= Corruption in Luxembourg =

Levels of corruption in Luxembourg are generally said to be very low, and there is a strong legal framework for combating corruption in the country. Surveys however, indicate that a majority of the population believes political parties are either "corrupt" or "extremely corrupt."

Political corruption does surface. According to Transparency International Global Corruption Barometer 2013, 53% of the surveyed households considered political parties "corrupt" or "extremely corrupt", and 33% had the same opinion about Parliament. Moreover, a significant number of the surveyed households considered that the government's fight against corruption was "ineffective" and that corruption had increased over the previous two years.

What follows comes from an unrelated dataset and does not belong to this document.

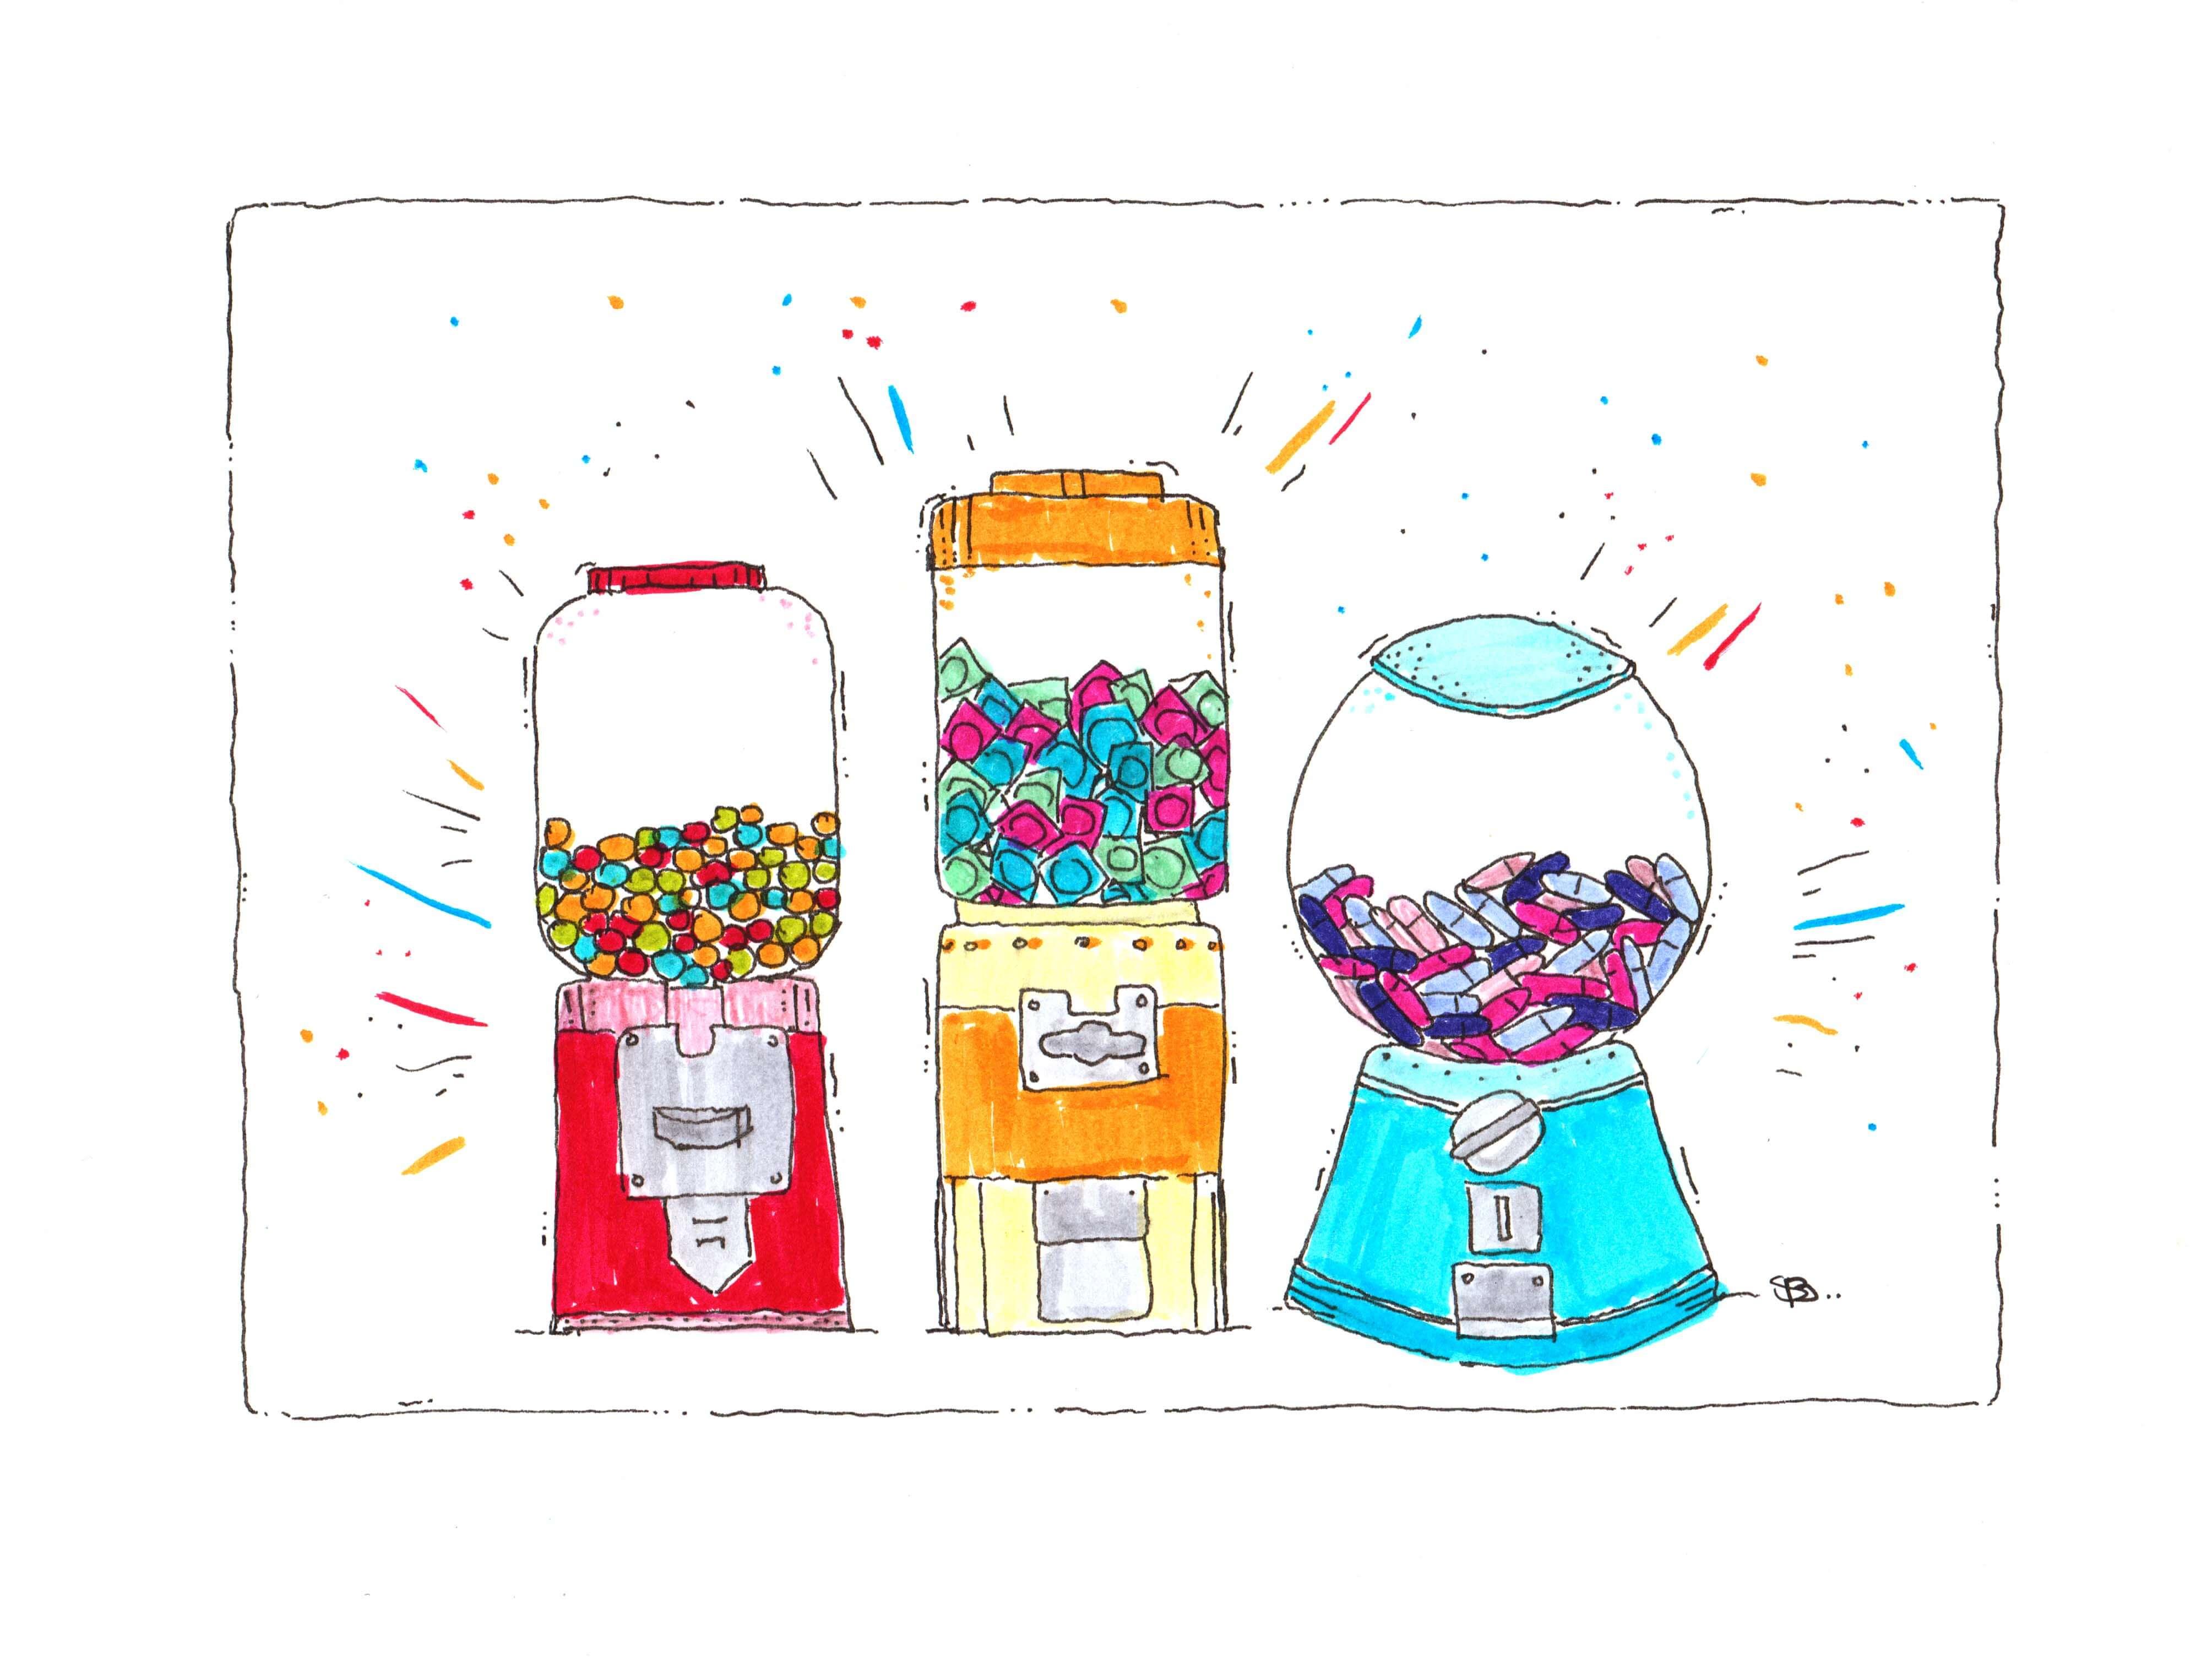 Kondom Automaten freitagsgeschichten

On Transparency International's 2025 Corruption Perceptions Index, Luxembourg scored 78 on a scale from 0 ("highly corrupt") to 100 ("very clean"). When ranked by score, Luxembourg ranked 8th among the 182 countries in the Index, where the country ranked first is perceived to have the most honest public sector. For comparison with regional scores, the best score among Western European and European Union countries (Note: Austria, Belgium, Bulgaria, Croatia, Cyprus, Czechia, Denmark, Estonia, Finland, France, Germany, Greece, Hungary, Iceland, Ireland, Italy, Latvia, Lithuania, Luxembourg, Malta, Netherlands, Norway, Poland, Portugal, Romania, Slovakia, Slovenia, Spain, Sweden, Switzerland, and the United Kingdom.) was 89, the average score was 64 and the worst score was 40. For comparison with worldwide scores, the best score was 89 (ranked 1), the average score was 42, and the worst score was 9 (ranked 181, in a two-way tie).

Several other sources indicate that the overlap between business and politics in Luxembourg gives opportunities for corruption, and there is no code of conduct focusing on corruption, conflict of interest and favouritism for procurement officials.